In [Williamson ], the officer had detained the defendant for a traffic violation and became suspicious about possible impairment. This Court held that the defendant driver’s possible impairment combined with the discovery of drugs on the passenger supported individualized suspicion sufficient to detain the defendant further for investigation into the possibility of the defendant’s possession of drugs.

Patterson, 2006-NMCA-037, ¶ 26, 139 N.M. 322, 131 P.3d 1286 (citation omitted). In the present case, Defendant was not individually suspected of any specific crime at the time he was seized, and was not even present at the start of the officer’s investigation of Mendoza.

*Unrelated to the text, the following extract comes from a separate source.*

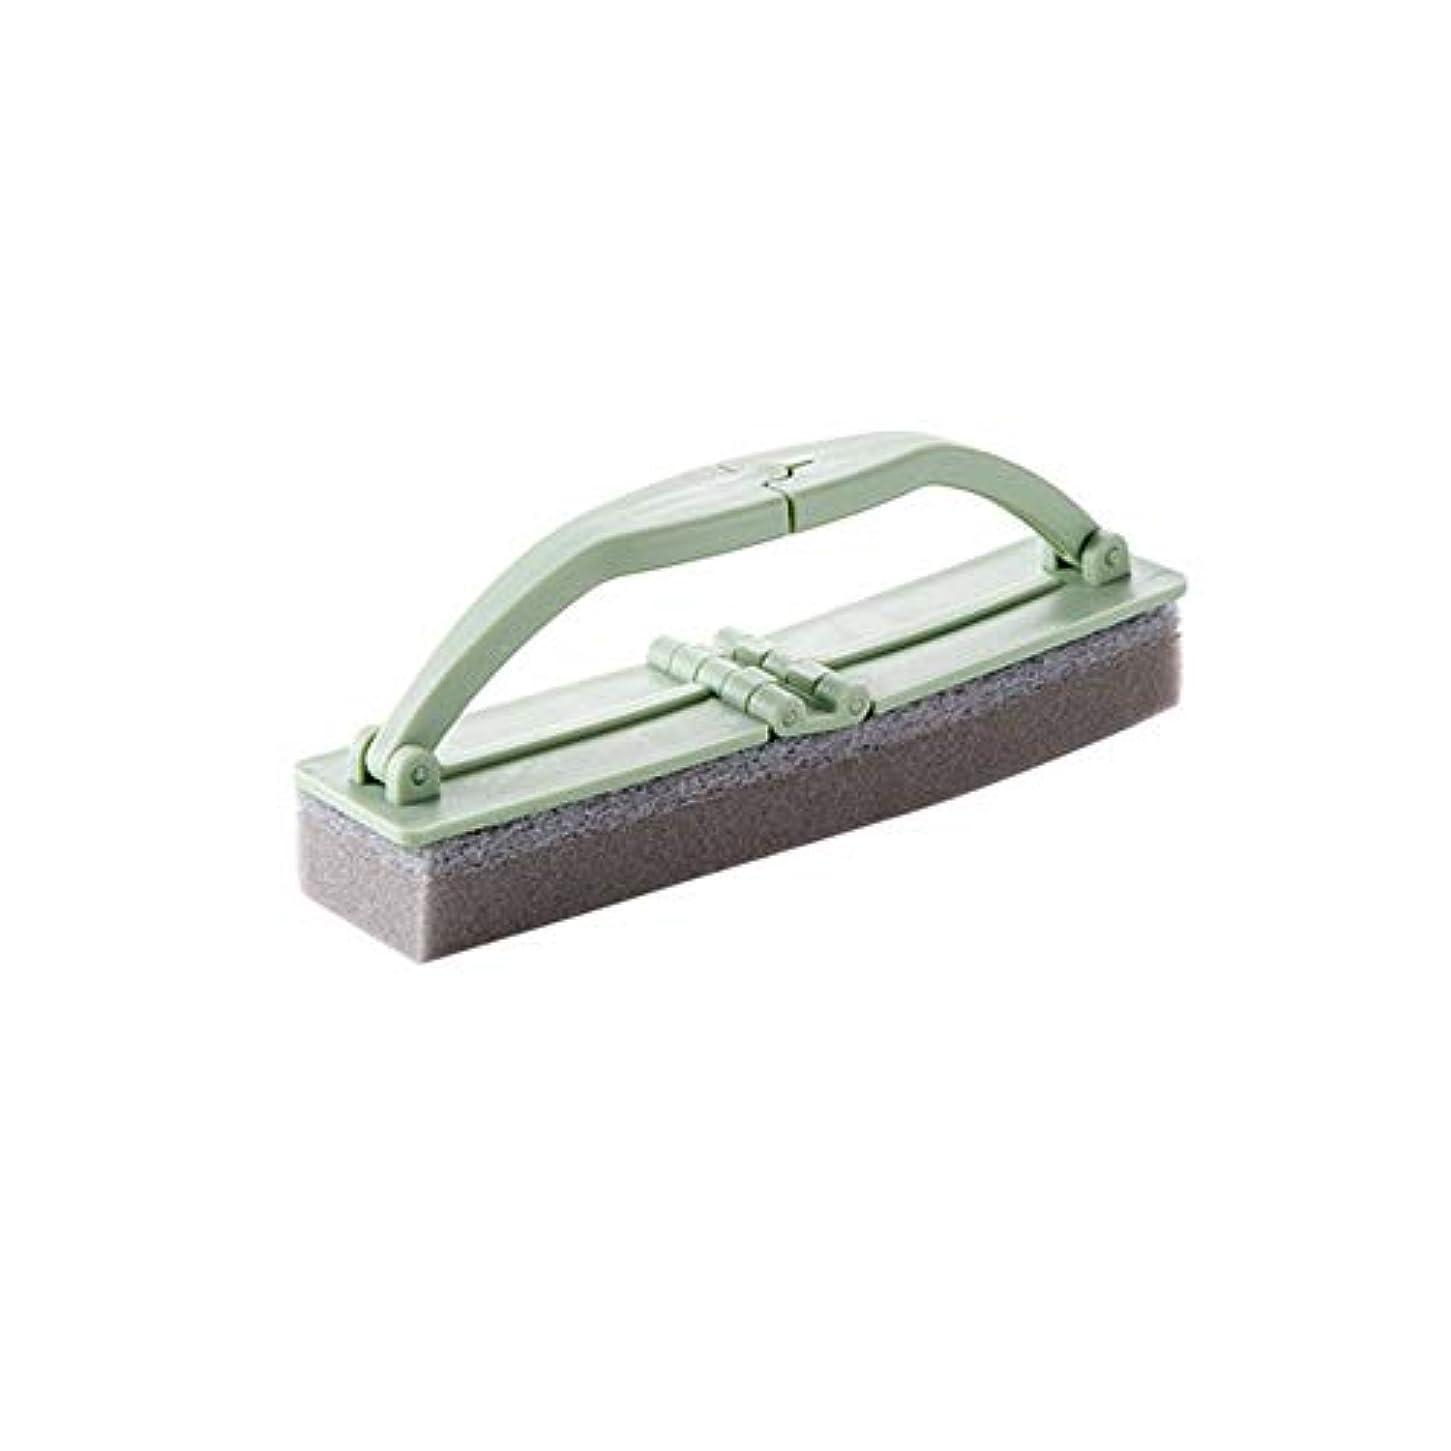 重要な用心タッチポアクリーニング 折りたたみ式の浴室スポンジハンドル付き強力な汚染除去タイルクリーニングスポンジブラシ2 PCS マッサージブラシ (色 : 緑)

{11} When Officer Marion was asked what his concern was when he grabbed Defendant’s arm to restrain him from walking away, he testified as follows:

First and foremost, my safety, the driver of the car, as well as Officer Scribner’s, our safety. I don’t — everything was happening pretty fast. We had one guy that tried to, if you will, ditch illegal narcotics. And then this guy, Mr. Rivas, trying to walk away or get a gun. I don’t know what he was trying to do. Or conceal narcotics on us.

Officer Marion testified, regarding the effect of the discovery of drugs near Mendoza, “People try to protect their drugs. Usually where there are drugs, we find guns.”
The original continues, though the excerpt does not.